Single cell mRNAs were converted to cDNAs through polyA primers containing a sample barcode and unique molecular identifiers (UMIs). We employed two rounds of in vitro transcription amplification (Hashimshony et al., 2012; Jaitin et al., 2014) followed by Illumina TrueSeq protocol to construct RNAseq libraries. Through next generation sequencing, we obtained ~ 4.8X105 (median, Avg=6.9x105) mapped reads per cell, each containing ~1.0x105 (median, Avg=1.4x105) unique reads that typically detected on average ~10,000 genes (range ~7,500 to ~12,000 genes median), with >95% of the single cells detecting >6,000 genes (Figure S1B-C). In each single cell ERCC spike-in RNA (Life Technologies) were used as internal controls, for which the absolute number of molecules that are added to sample can be calculated; this gave a linear relationship of input-output measures with a slope of 0.92 and adjusted R2=0.96 (Figure S1D). Following quality control screen, we obtained high depth transcriptome of ~584 cells from the 6 GTPs (Figure S1D).

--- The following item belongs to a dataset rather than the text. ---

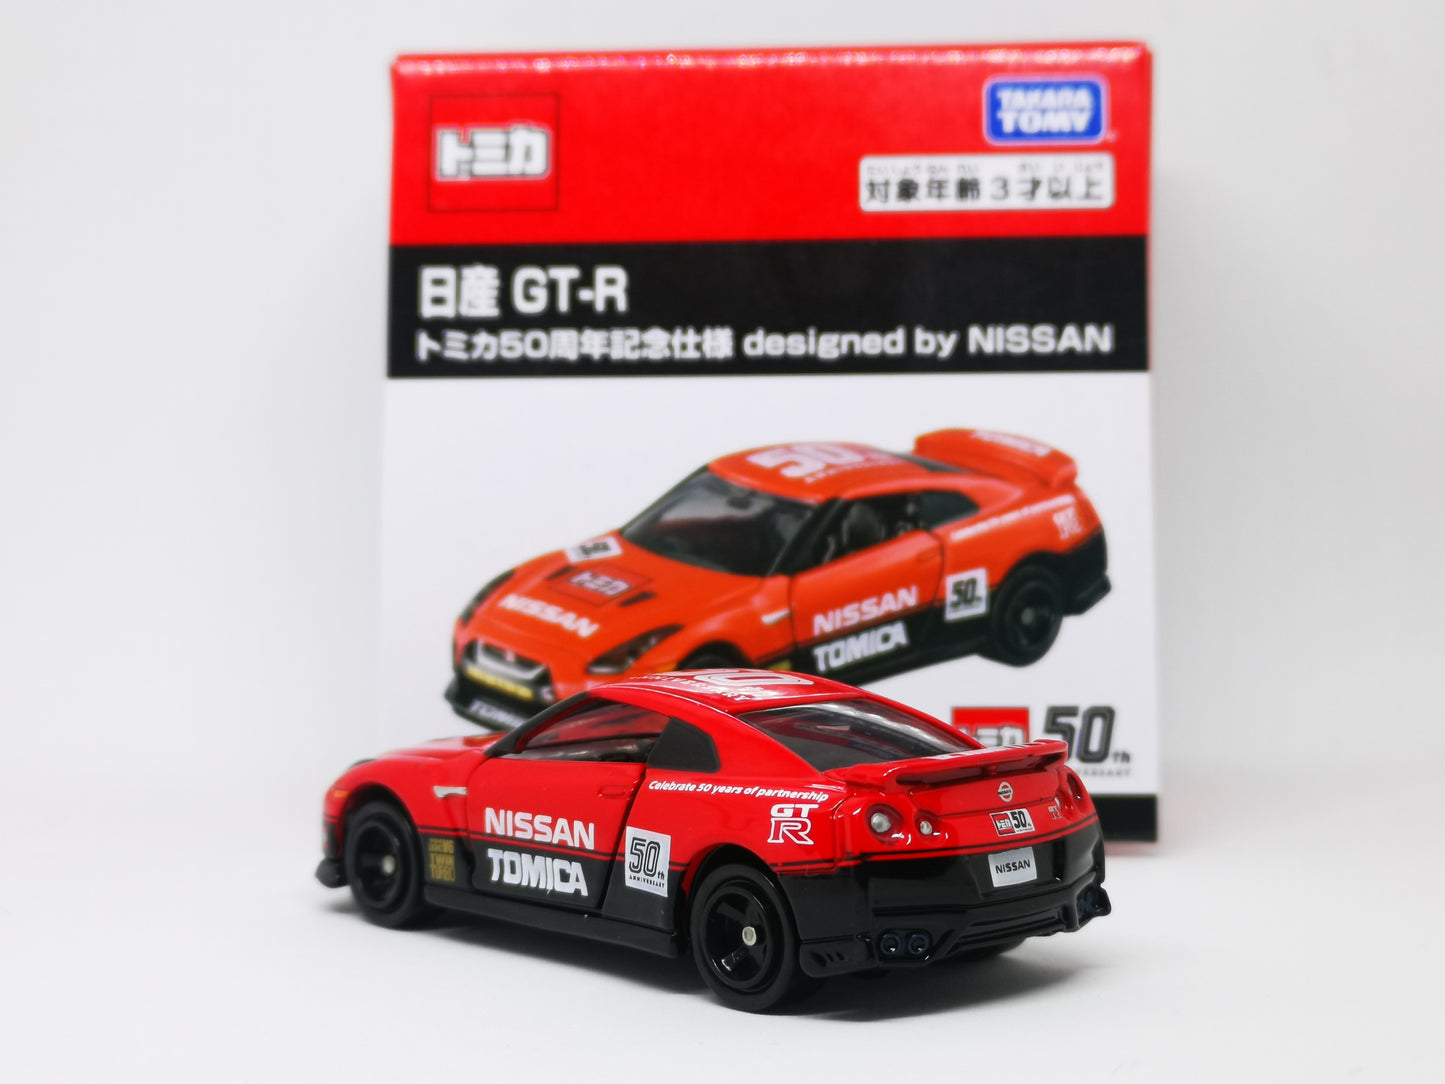 Tomica 50th Anniversary Nissan GT-R

This unique dataset thus contains high-resolution transcriptomes of phenotype-defined cortical GABAergic GTPs.
RNA double in-situ and imaging
RNA double in-situ was performed using Quantigene ViewRNA tissue ISH (Affymetrix, USA) following manufacturer's recommended protocol. Fresh unfixed brain tissues were frozen in OCT blocks using dry-ice isopentane slurry. Brains can be stored in -80C until cryosectioning. Cryosectioning was done on Leica cryotome at 12um thickness, and sections collected on charged glass slides. Custom and off-the shelf branched-DNA oligo ISH probes were designed and synthesized by Affymetrix Quantigene ViewRNA. Sections on slides were postfixed just prior to ISH, and in-situ steps were followed according to manufacturer’s recommended protocol. For dual signal detection QuantiGene Type-1 and Type-6 probes were used. Fluorescent signals from Type-1 and Type-6 ISH probes were imaged on tile-scanning mode using Perkin Elmer spinning disk confocal at 10X magnification and auto-stitched using Volocity software. Stitched images were exported as TIFFs for further processing and adjustments to brightness and contrast in FIJI (Fiji is just ImageJ) and assembled in Adobe Illustrator.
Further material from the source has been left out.